==== GIVEN INFORMATION ====

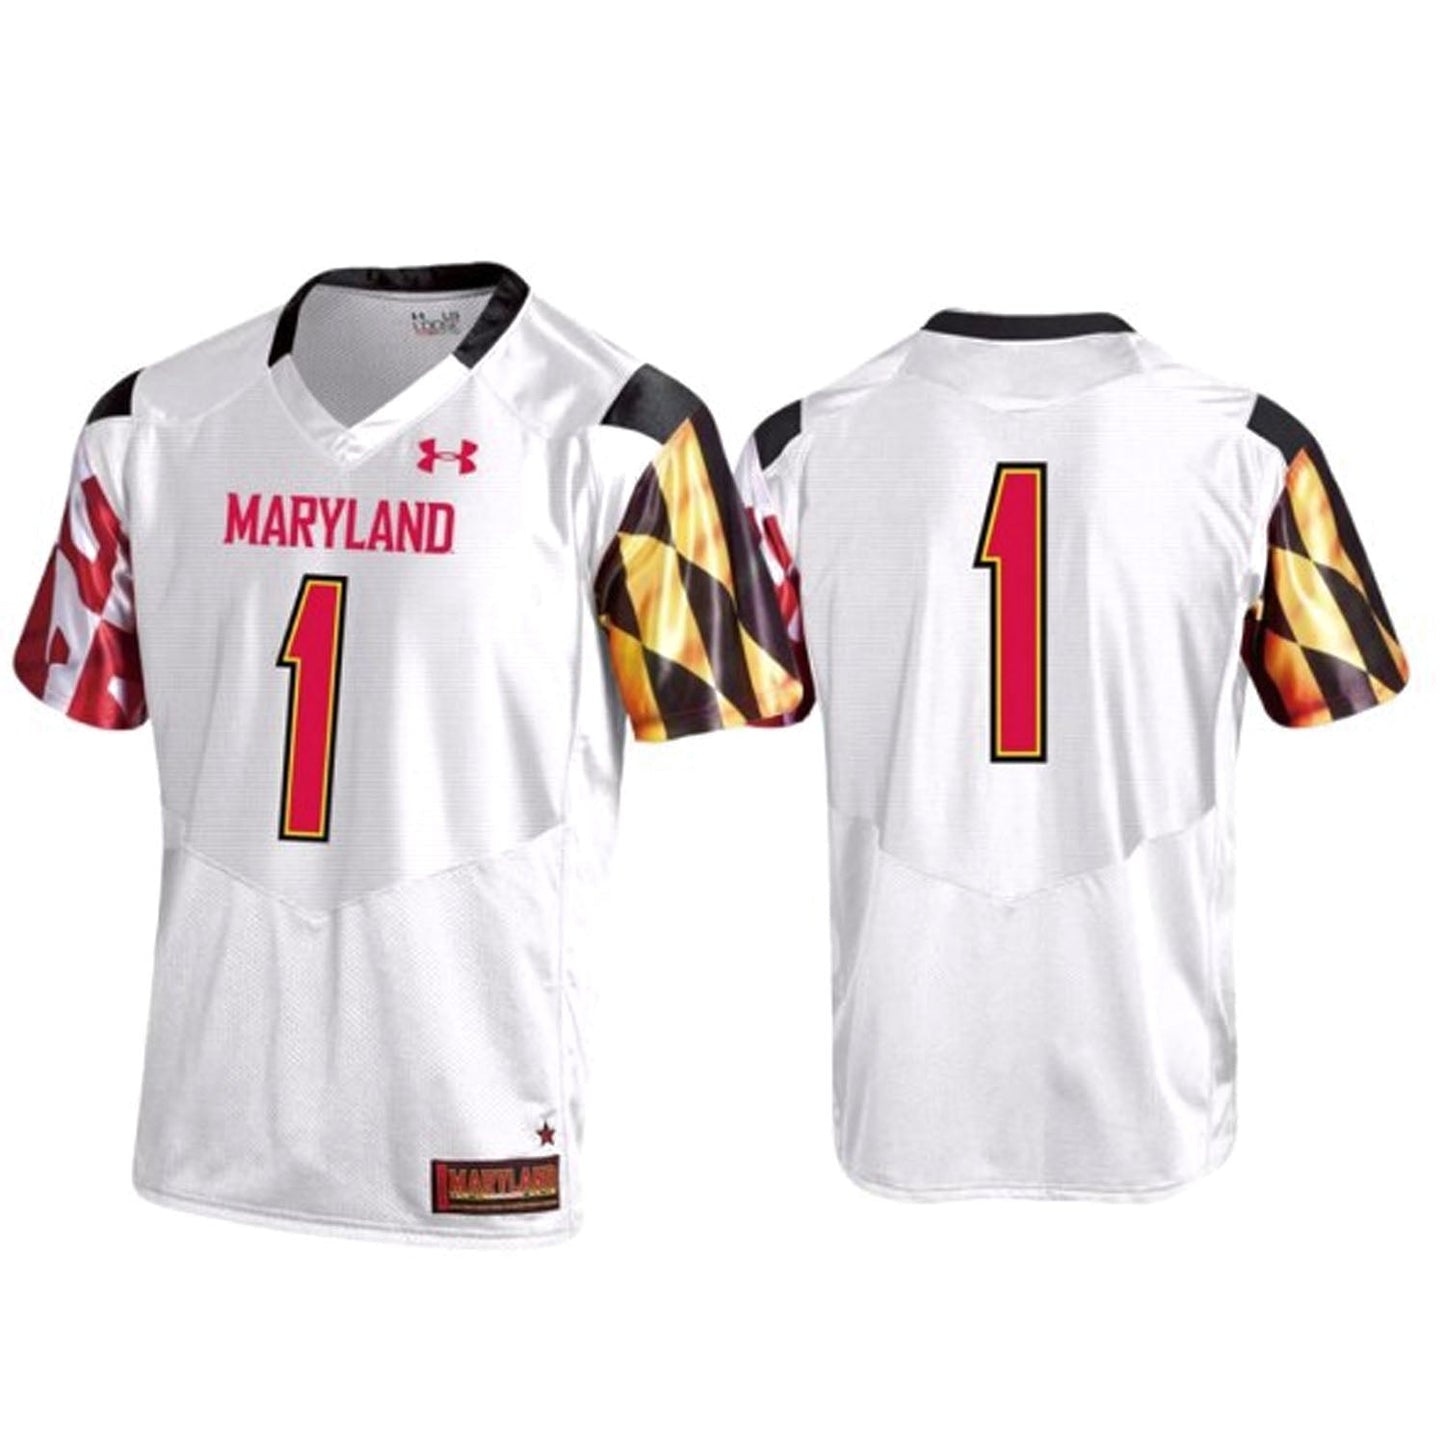 NCAAF Maryland Terrapins Custom Jersey
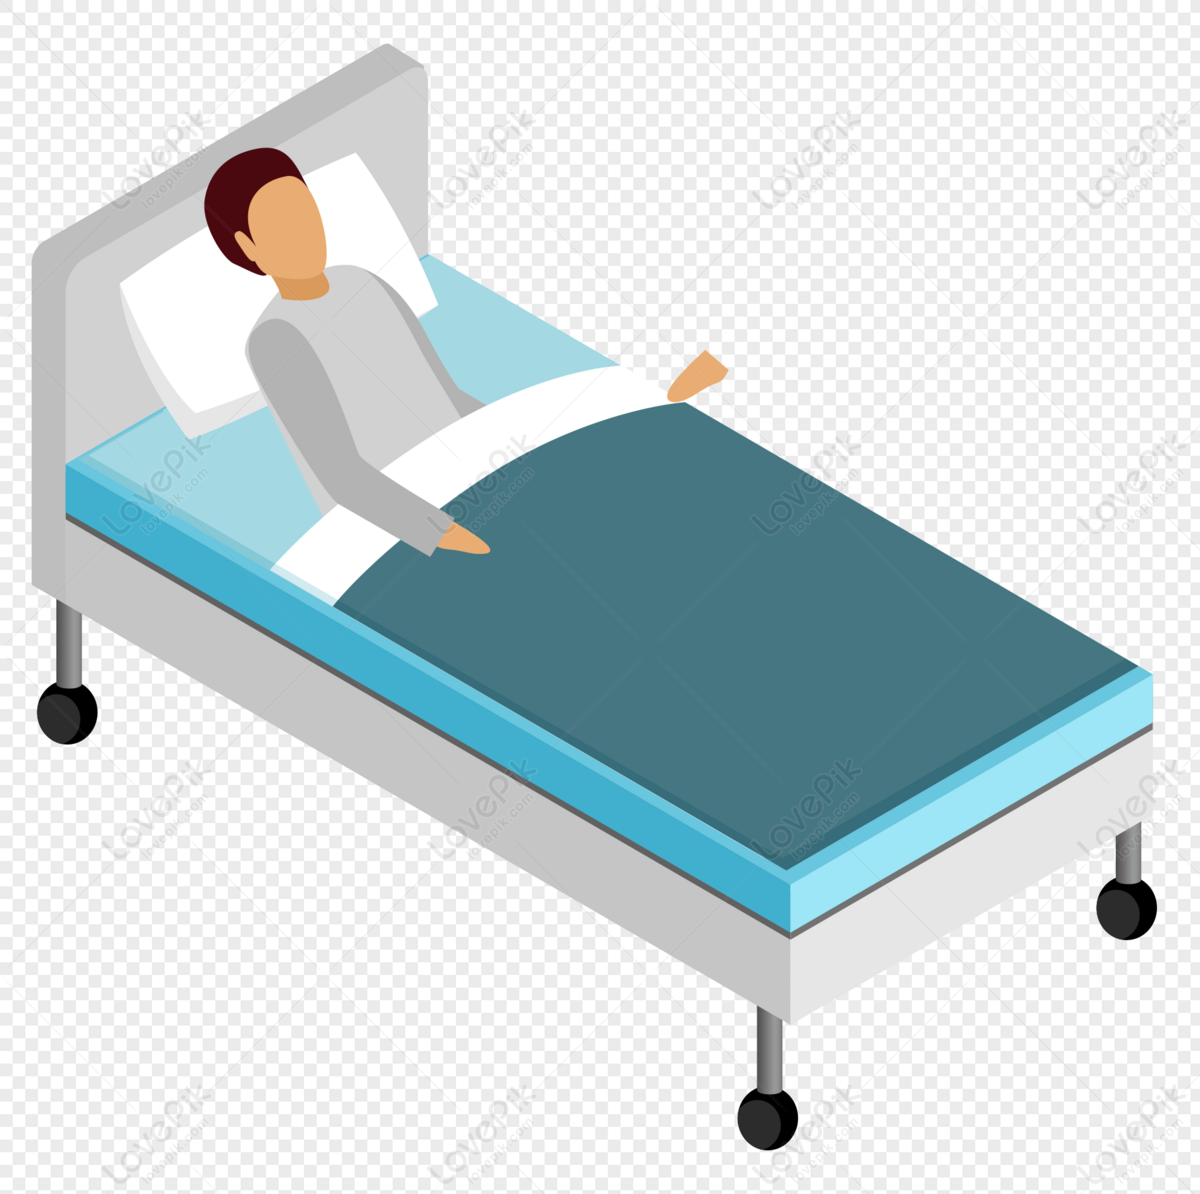 Giường bệnh viện - Quyết định đưa cho mình một giường bệnh viện mới đẹp sẽ giật nhiên làm nâng cao tâm trạng và đặc biệt là sự thoải mái cho bạn và người thân trong những thời điểm khó khăn. Xem hình ảnh liên quan để chọn lựa giường bệnh viện phù hợp cho bạn.
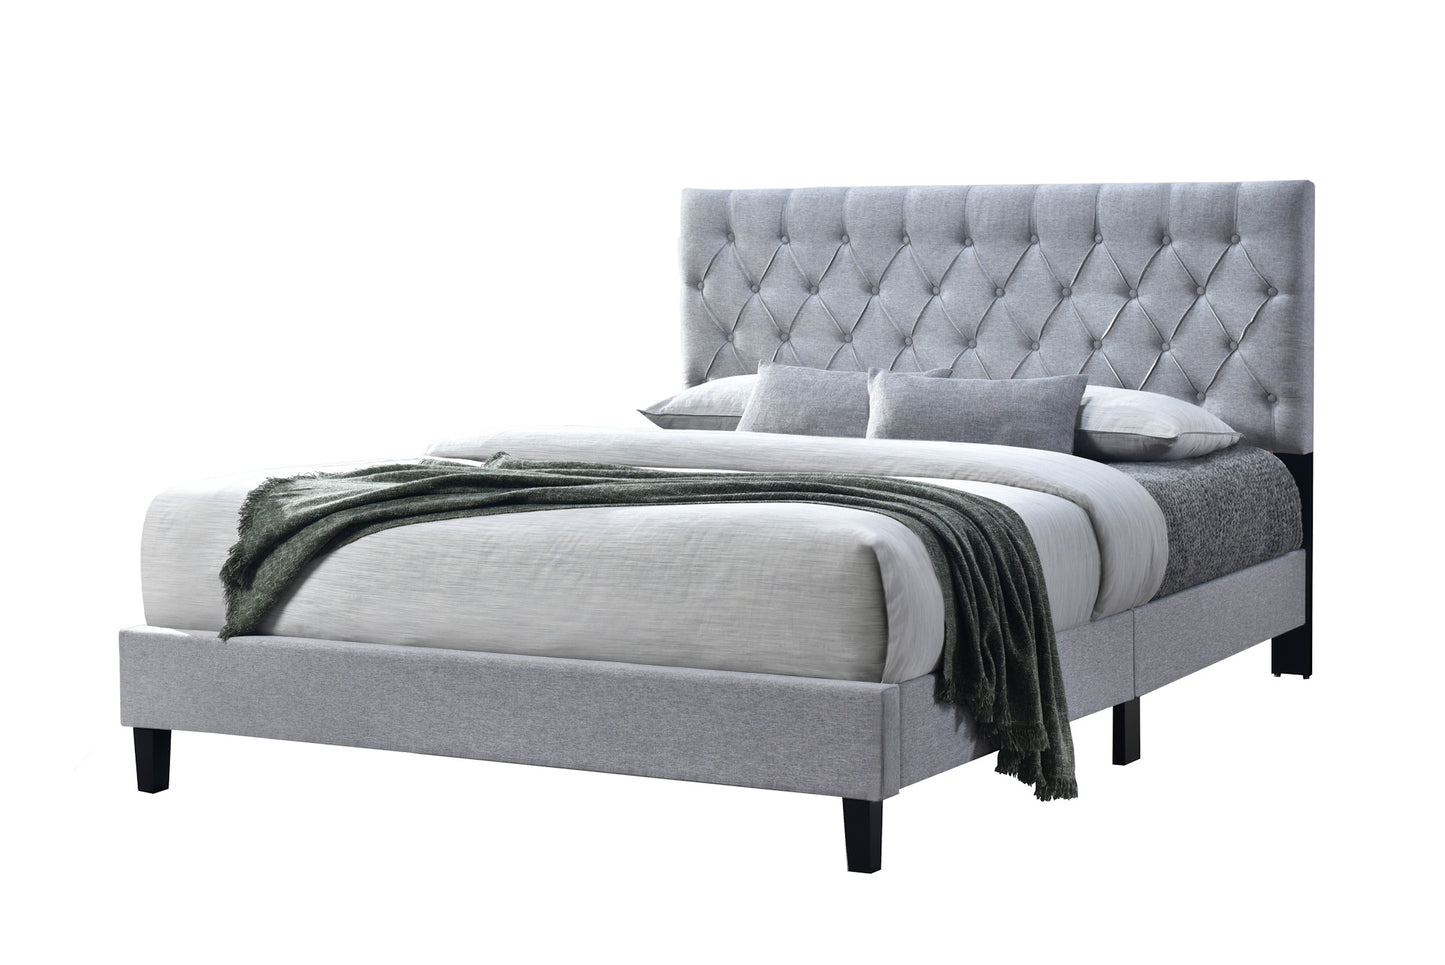 New York Bed (Queen) (Fabric Grey)

====

**ACTIVITY:** Copy out the lines exactly as written, beginning with the one that contains "Giường bệnh viện - Quyết" and ending with the last line of the material; do not include pictures.

**RESULT OF THE TASK:**
 Giường bệnh viện - Quyết định đưa cho mình một giường bệnh viện mới đẹp sẽ giật nhiên làm nâng cao tâm trạng và đặc biệt là sự thoải mái cho bạn và người thân trong những thời điểm khó khăn. Xem hình ảnh liên quan để chọn lựa giường bệnh viện phù hợp cho bạn.
 New York Bed (Queen) (Fabric Grey)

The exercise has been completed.